Users can now analyze the mile demand of the global container fleet, and view the shipping route and docking status of the ship.
VesselsValue Chief Operating Officer (COO) Adrian Economakis uses key data to analyze and determine the most attractive market segments for ship owners and investors, the overall market situation, and the development trend of the ship market value in the next few years.
He said: "VesselsValue The container trade service provides a data-based way to understand the needs of the container ship market.
These demand-side data are updated in real time and obtained through the analysis of each ship and each voyage.
Combined with the supply-side analysis, it can be in-depth Understand the fundamentals of different market segments in the container industry.
" The container ship market, especially the Post Panamax and New Panamax markets, has shown strong growth in rental income and valuation.
momentum.
For the sake of simplicity, VesselsValue has grouped the "container ship market" into three categories: "Large" (Post Panamax and above), "Panamax" and "Small" (Sub Panamax and below).
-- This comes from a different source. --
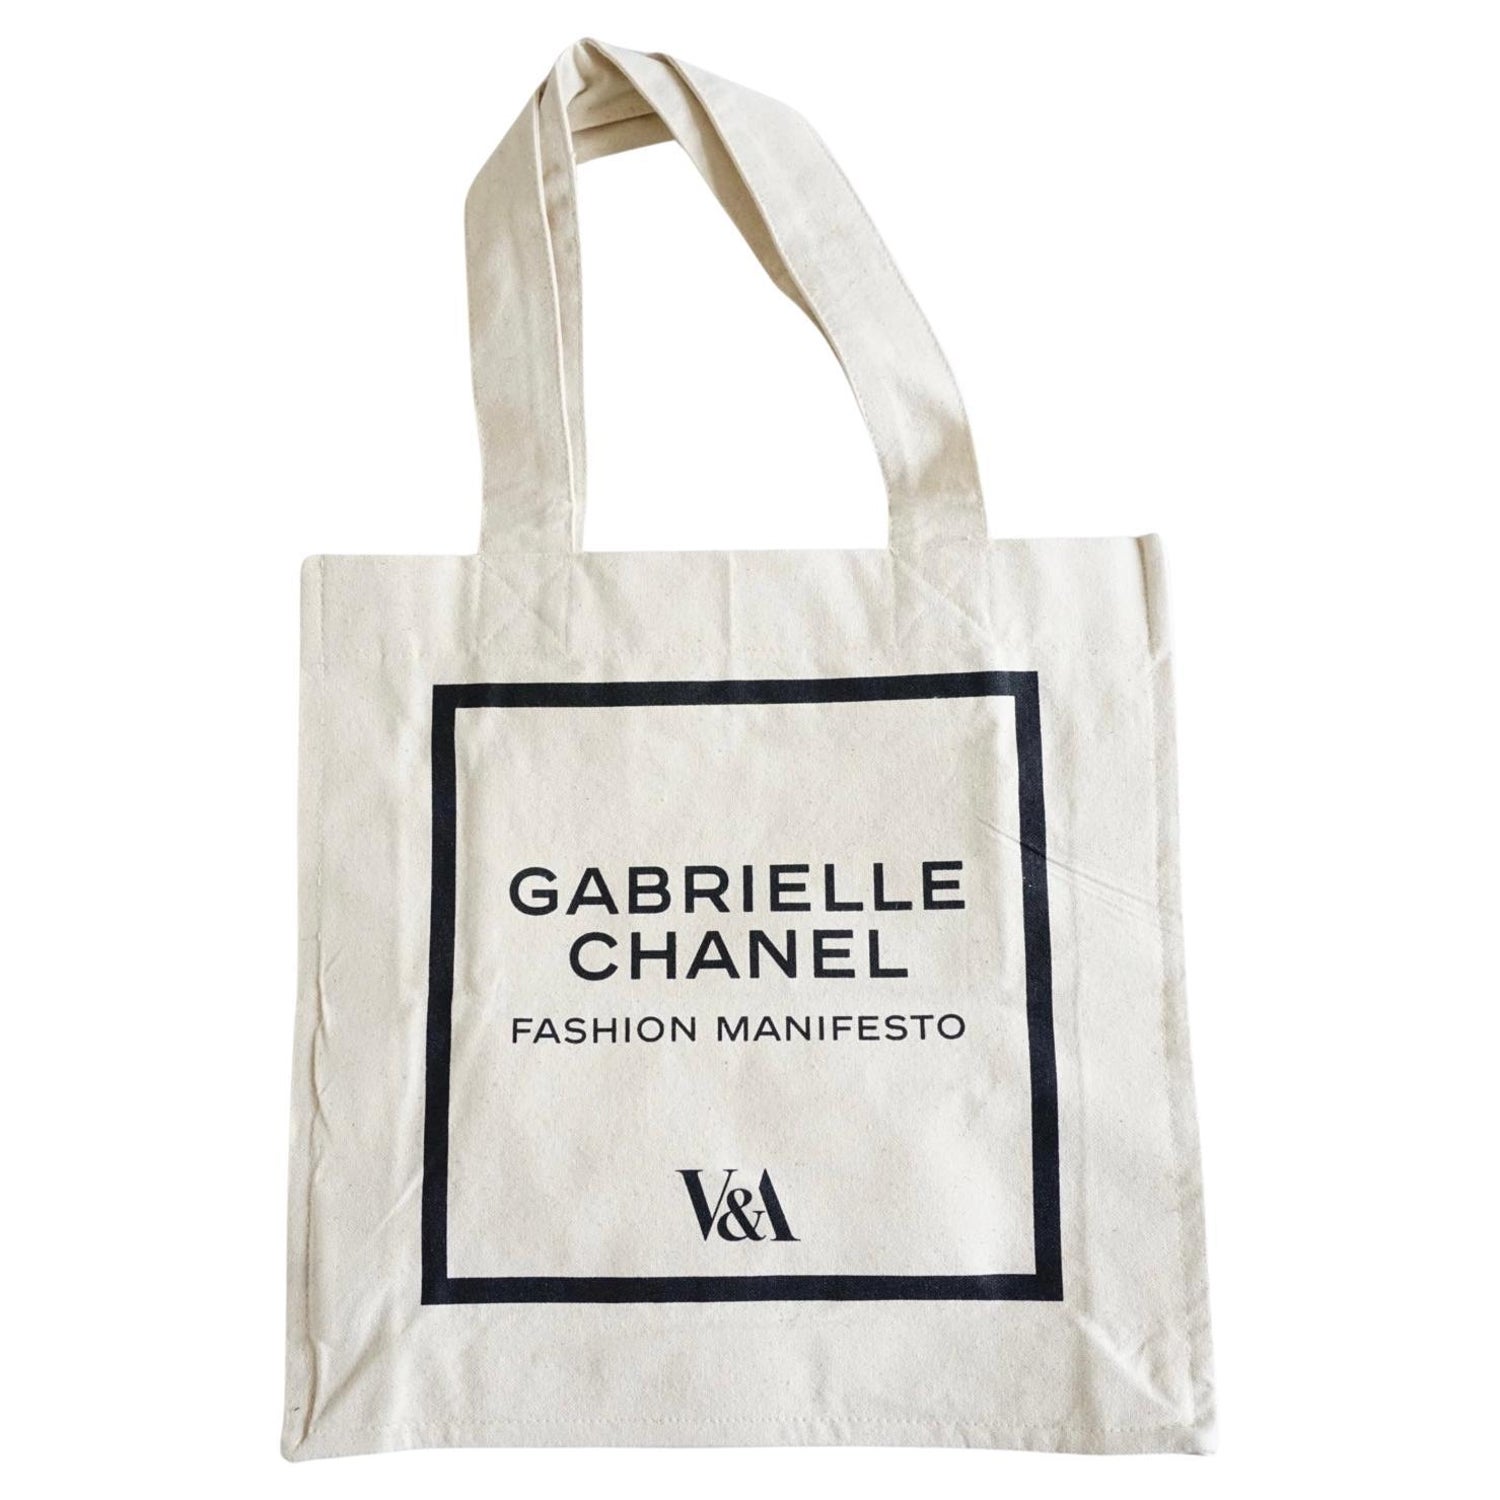 chanel gabrielle bag discontinued

Large container ship Large container ship Large container ship The total capacity (in TEU) of the large container fleet currently in operation is showing a strong growth trend.
In the past three months, demand has increased by 2.
3%, while the total supply of ship’s TEU capacity has only increased by 1.
7%, which is undoubtedly one of the driving forces for the substantial increase in freight rates during this period.
But from the perspective of the whole year, the growth rate of supply was 4.
9%, which has exceeded the growth rate of demand of only 3.
3%.
In the longer-term past five years, supply and demand have basically been balanced, demand has increased by 33.
5%, and supply has increased by 33.
1%.
The chart below shows the year-on-year monthly rolling growth percentage of the demand for large container ships (TEU? nautical miles).
It is worth mentioning that the Sino-US trade war has had a negative impact on the demand for large container ships, as shown in the figure below.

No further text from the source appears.